Brunangelo Falini MD profile image
Brunangelo Falini, MD
Scientific Advisory Board Member
  • Head of the Institute of Hematology and Bone Marrow Transplantation, University of Perugia, Perugia, Italy

Brunangelo Falini, M.D., is Professor of Hematology at the University of Perugia, Perugia, Italy. He received an M.D. degree and completed his residency in Internal Medicine at the University of Perugia. Then, he trained (1980-1981) with Robert J. Lukes on the immunological classification of human lymphomas at USC, Los Angeles, and worked (1982-1984) with David Y. Mason on the generation of monoclonal antibodies against lymphoma- and leukemia-associated antigens at Oxford University.

During his scientific carrier, he made important contributions in the field of lymphomas and leukemias by generating novel monoclonal antibodies directed against proteins encoded by genes involved in chromosomal translocations, by contributing to develop the modern classifications of lympho-hemopoietic neoplasms (REAL and WHO), and by applying in 1992 the first anti-CD30 immunotoxin for the therapy of refractory/relapsed Hodgkin lymphoma.

In the past 15 years, Dr. Falini made the seminal discoveries of nucleophosmin (NPM1) mutations in acute myeloid leukemia and BRAFV600E mutation in hairy cell leukemia. By discovering NPM1 mutations, Dr. Falini not only identified a new mechanism of leukemogenesis based on the altered nucleo-cytoplasmic trafficking of NPM1 (a nucleolar protein) but successfully built on his findings to translate them into clinics, contributing to define a new leukemia category in the 2016-WHO classification of lympho-hemopoietic neoplasms and to demonstrate the value of NPM1 mutations in predicting outcome of AML patients and in monitoring of minimal residual disease. At present, his work is focused to understand how the NPM1 mutant causes leukemogenesis and in translating this information to develop new anti-leukemic agents.

In 2011, his group also discovered the BRAF-V600E mutation as the causal genetic event of hairy cell leukemia, which leads to transformation through the constitutive activation of the MAPK pathway. Dr.

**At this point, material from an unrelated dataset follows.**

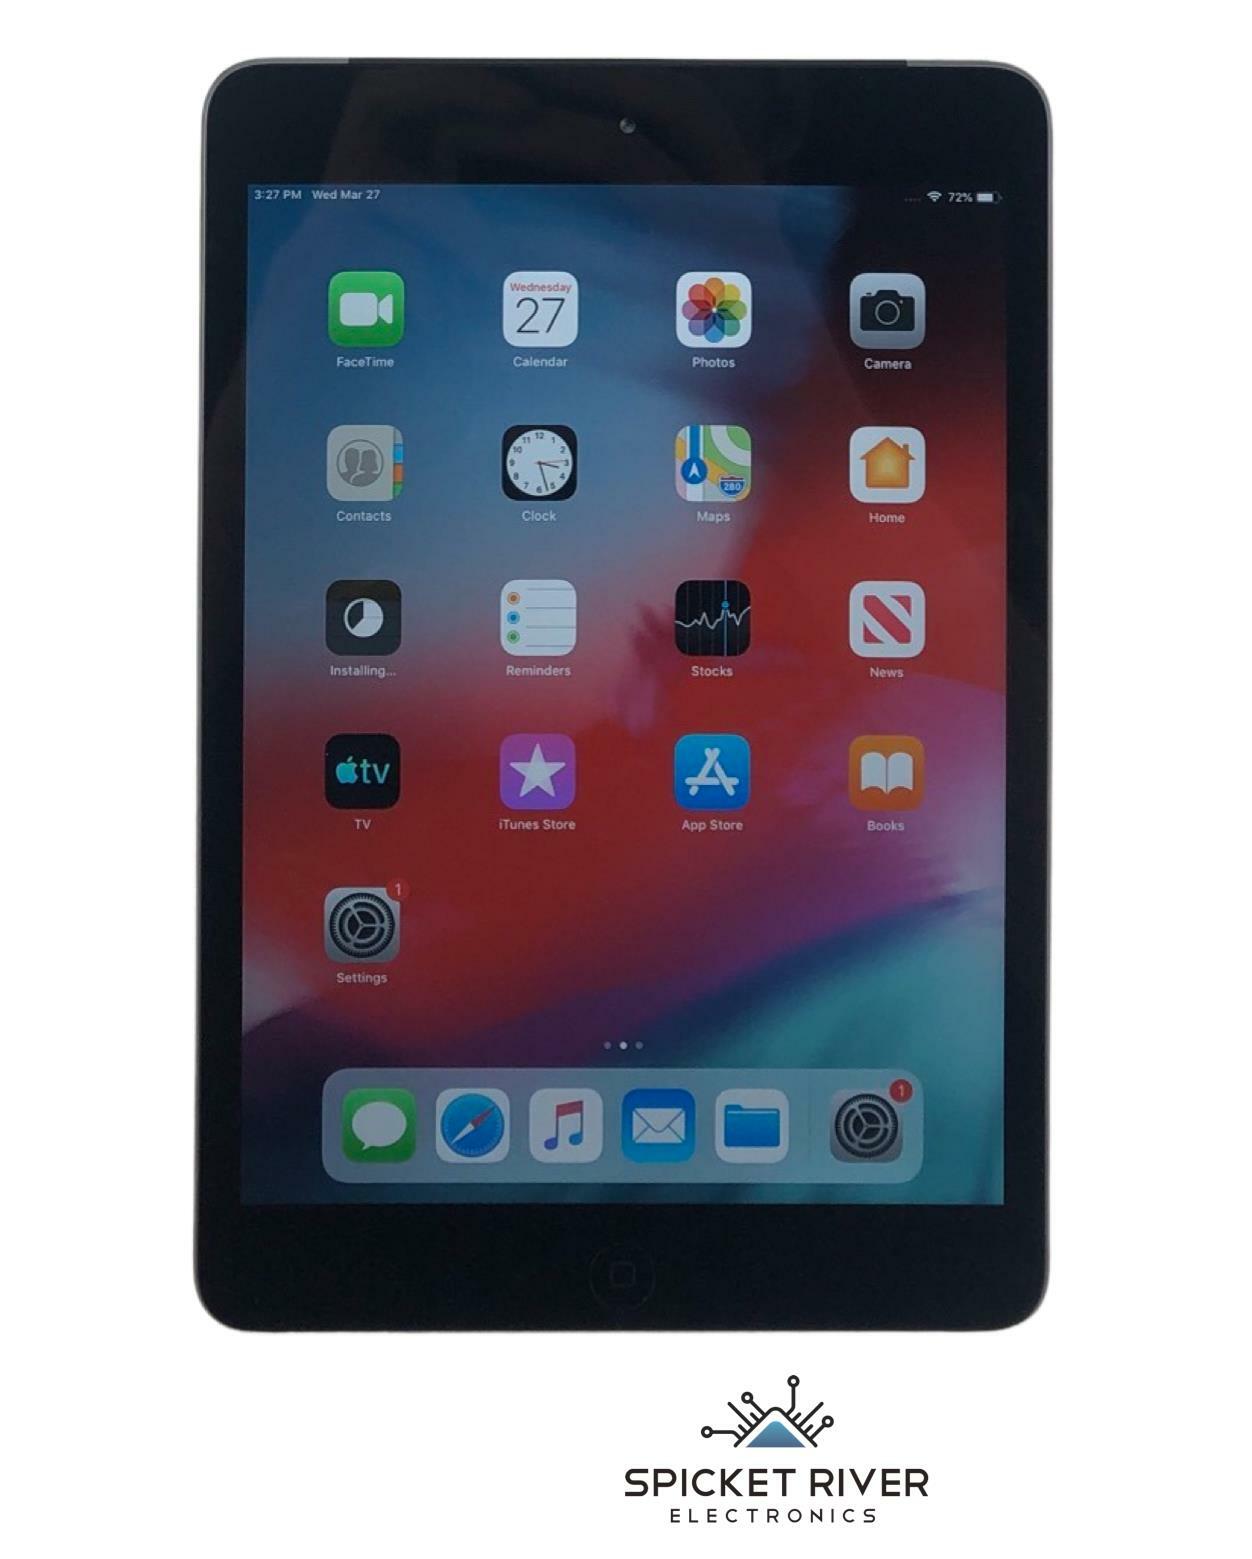 Apple iPad Mini 2 - A1490 - Wi-Fi + Cellular 32GB 7.9" Tablet - Space Gray

Falini's group rapidly translated this landmark discovery from bench to the bedside, by setting up the first molecular diagnostic assay for hairy cell leukemia and demonstrating the clinical activity of the BRAF inhibitor vemurafenib (alone or in combination with an anti-CD20 monoclonal antibody) in patients with refractory/relapsed hairy cell leukemia.

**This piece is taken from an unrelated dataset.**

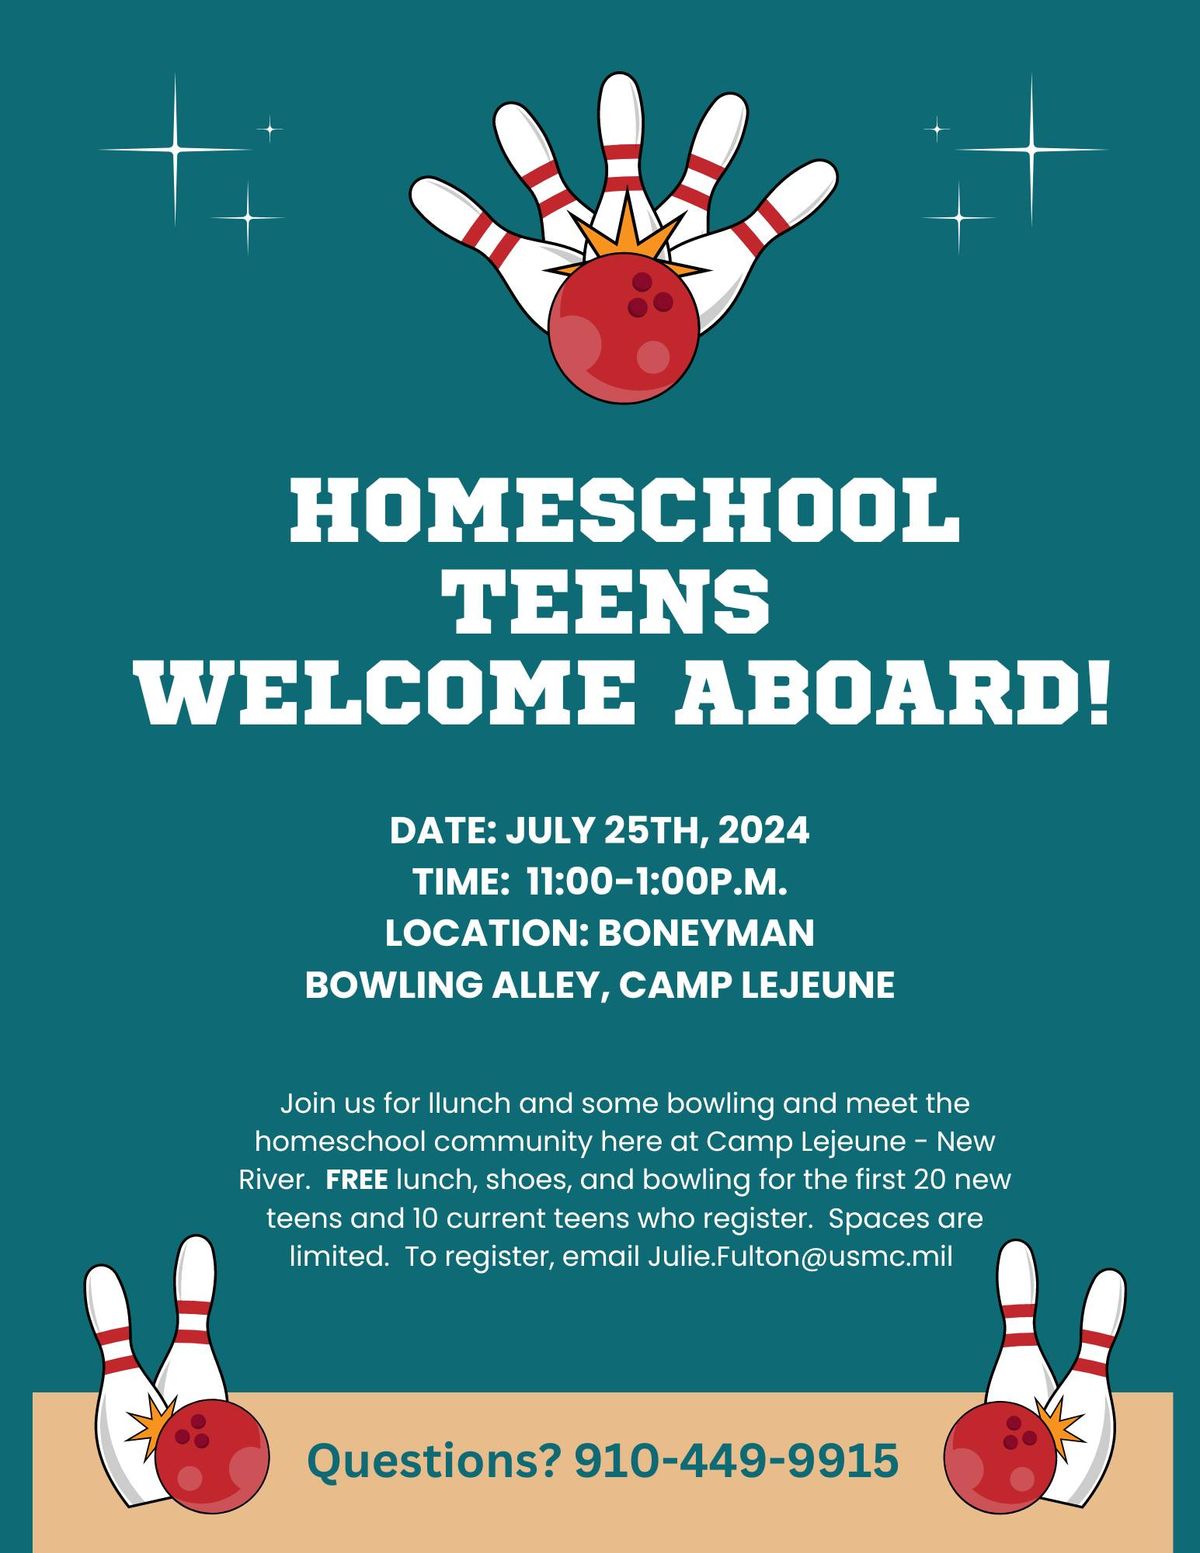 Homeschool Teen Welcome Aboard

He has received many awards, including The "Jose' Carreras Award" from the European Society of Hematology (EHA) in 2010, the "Leopold Griffuel Prize" in translational medicine from the French Association for Cancer Research (ARC) in 2015, the prize for "Excellence in Medicine" from the American Italian Cancer Foundation (AICF) in 2017, and the Henry Stratton Medal from ASH in 2018.